Thursday, September 22, 2005

The invasion of privacy and freedom of the blog

A few years ago they caught the hacker who sent out the 'iloveyou' virus by tracing the program back to the document 'stamped' by his home computer. A few years later, the Canadian government came under fire by the privacy commissioner for cross-referencing customs information with employment insurance (in other words they were withholding EI payments to those who had crossed the border for any length of time). The patriot act has introduced the capacity for another McCarthy era and just yesterday I was reading about how they can track the information you type into your computer (such as a password) by the sound of the keys clicking (as each key has a distinctive click). Now, a lot of us may think, 'How precious is my privacy, and my ability to speak freely? After all, there is no censorship as of yet, and I am not significant enough to be prosecuted openly for my thoughts'. I suppose this is because we are lucky enough to live in a country that does not have a tyrannical hold on communications, such as China, or Iran.

Blogs have become the new source of free press, especially in countries of extreme censorship. Realistically, every country bears the brunt of the censors, as the content of the news in North America is still regulated by advertising and political sway. But by extreme, I mean that we will not be jailed, intimidated, shot or condemned for our beliefs if they make it into public consumption. In China, far out radical cries for things like a free election system can come with heavy consequences.

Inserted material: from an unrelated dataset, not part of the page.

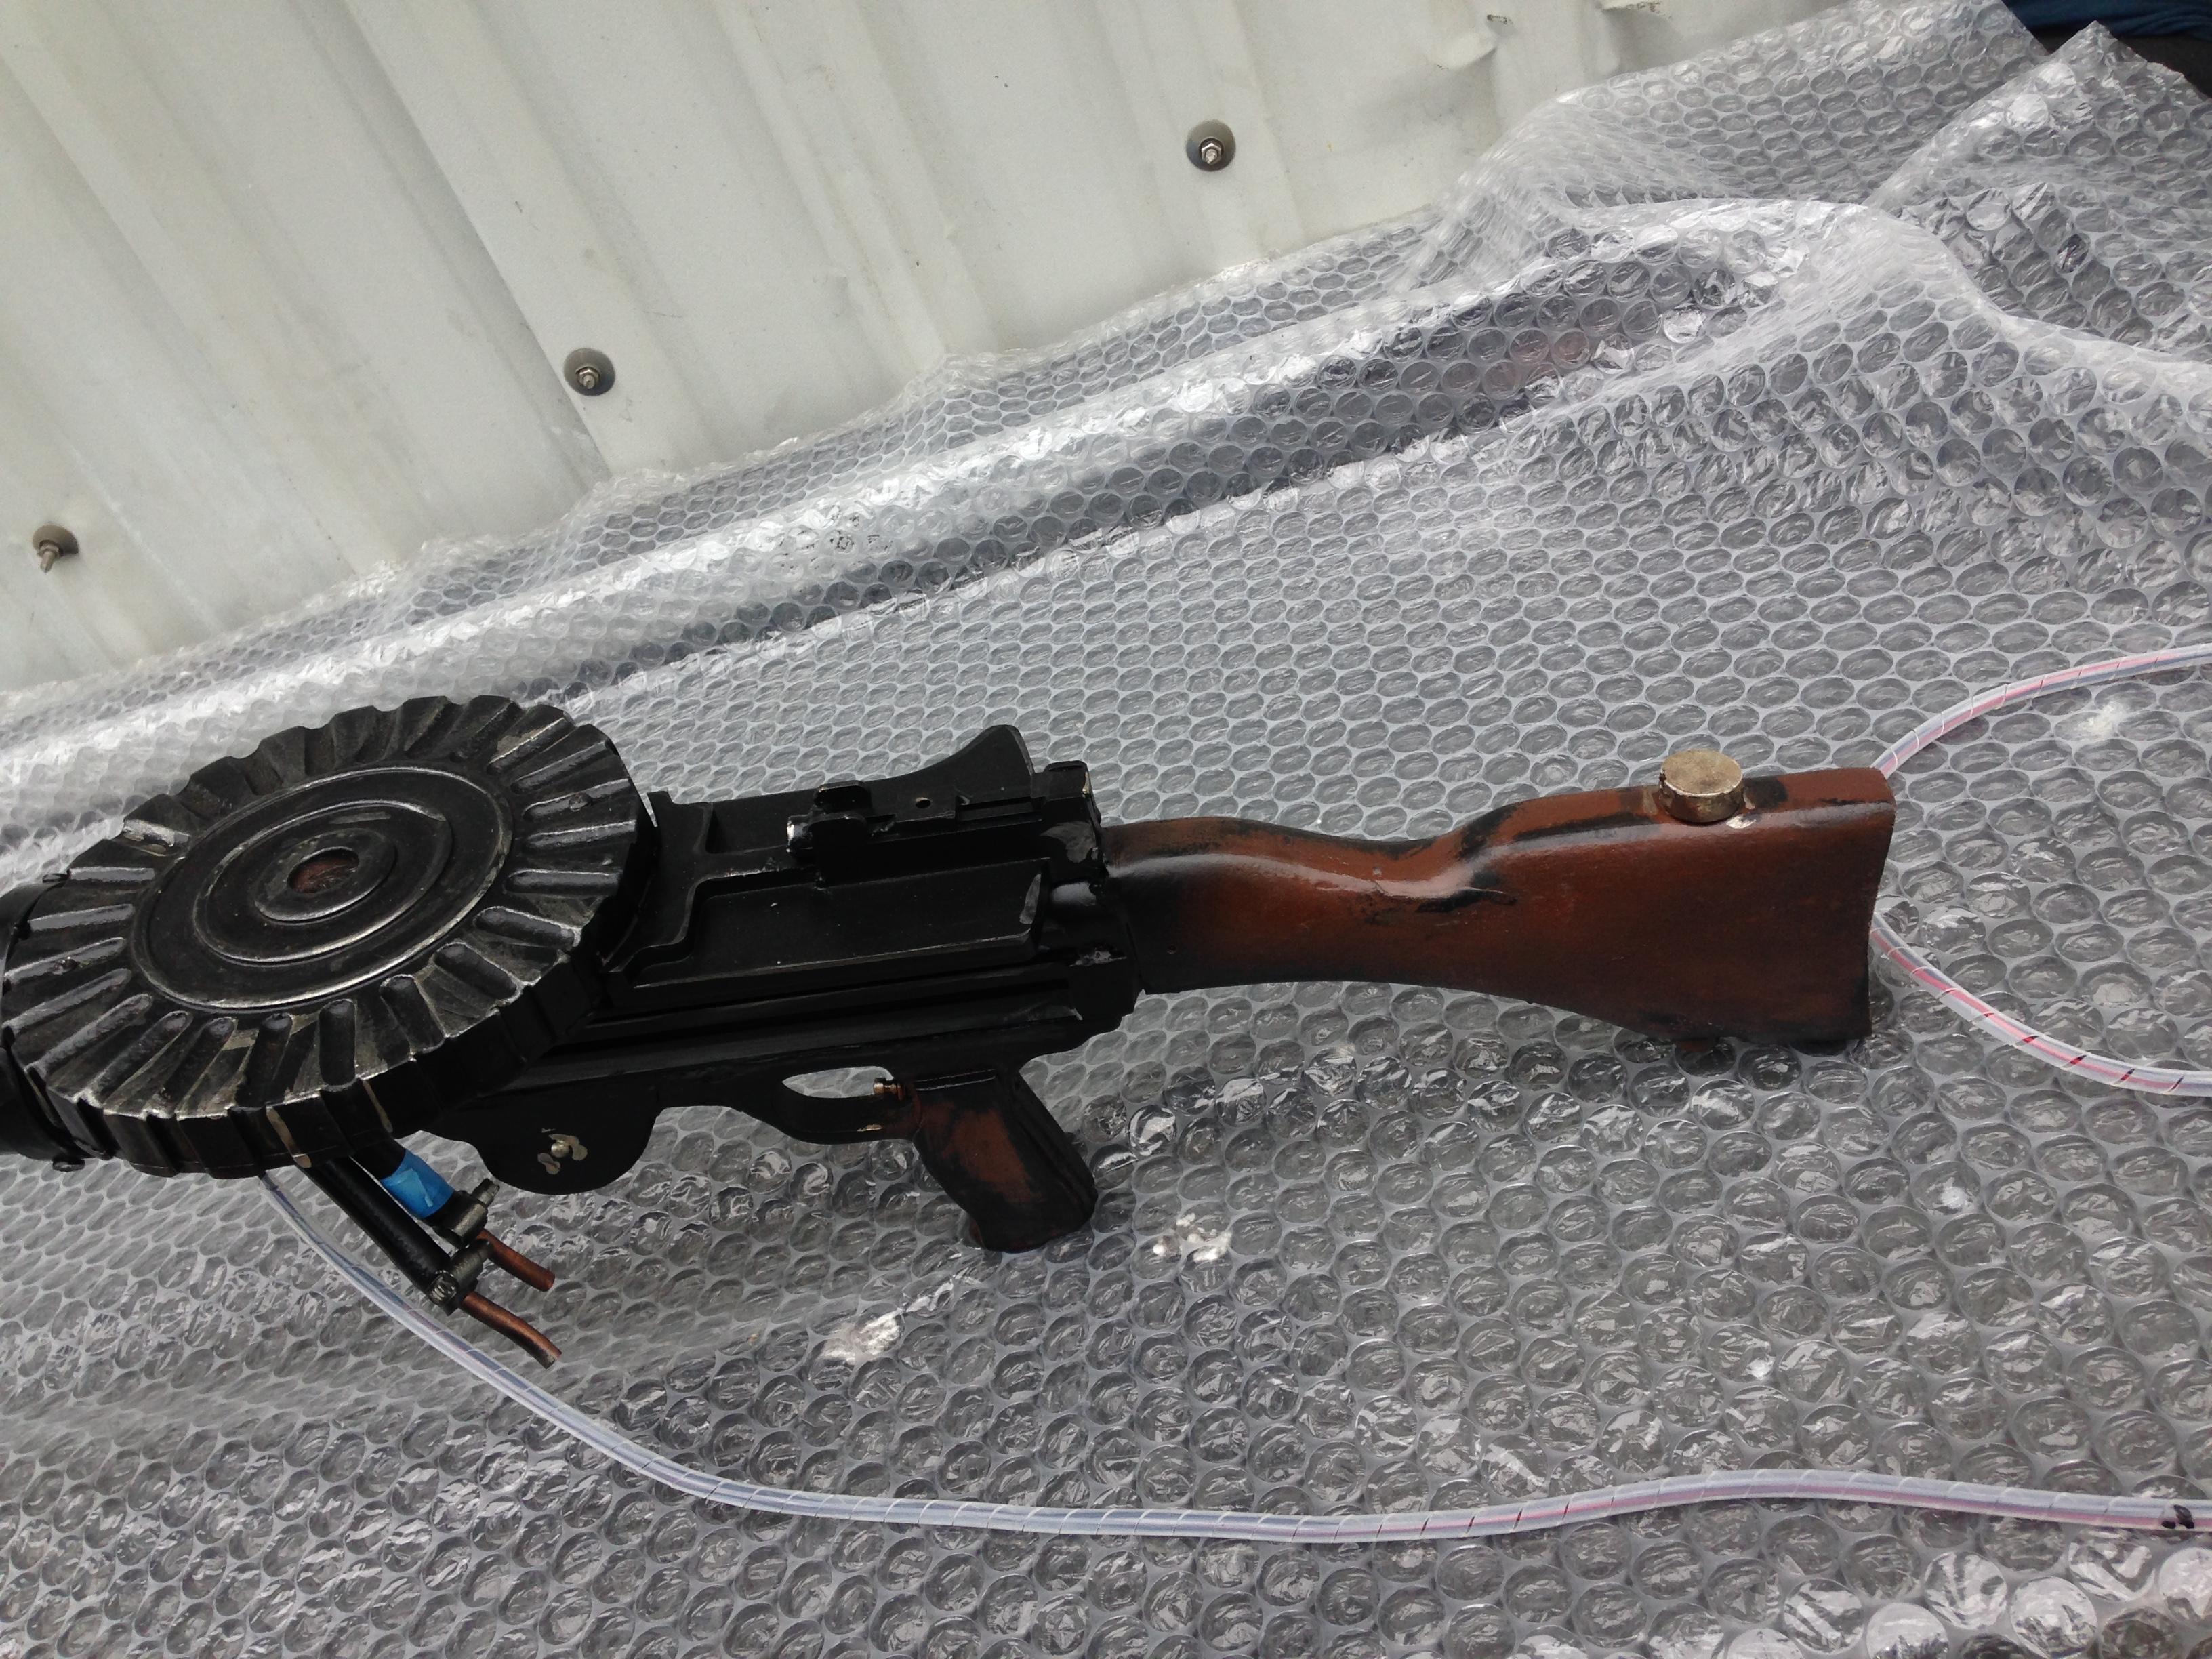 MILITARY MUCKABOUTS - Simulated Firing Guns

However, tech-savvy China and Iran have began to censor and prosecute bloggers as well, as the popularity blooms. A post about a call for a free electoral system in China will have an online life of about half an hour. For this reason Reporters Without Borders' have released a "Handbook for Bloggers and Cyber-Dissidents.” Partly funded by the French Foreign Ministry it includes technical advice on how to remain anonymous online. The guide includes information about how to use pseudonyms and anonymous proxies and the means to break through government filters. It also offers tips about changing cyber-cafes and how to send cryptographically signed messages via specially formatted e-mail, as well as how to keep blogs out of search engines.

With the help of this handbook, perhaps the freedom of information will truly return, and people will once again be able to speak their minds anonymously without fear of consequence.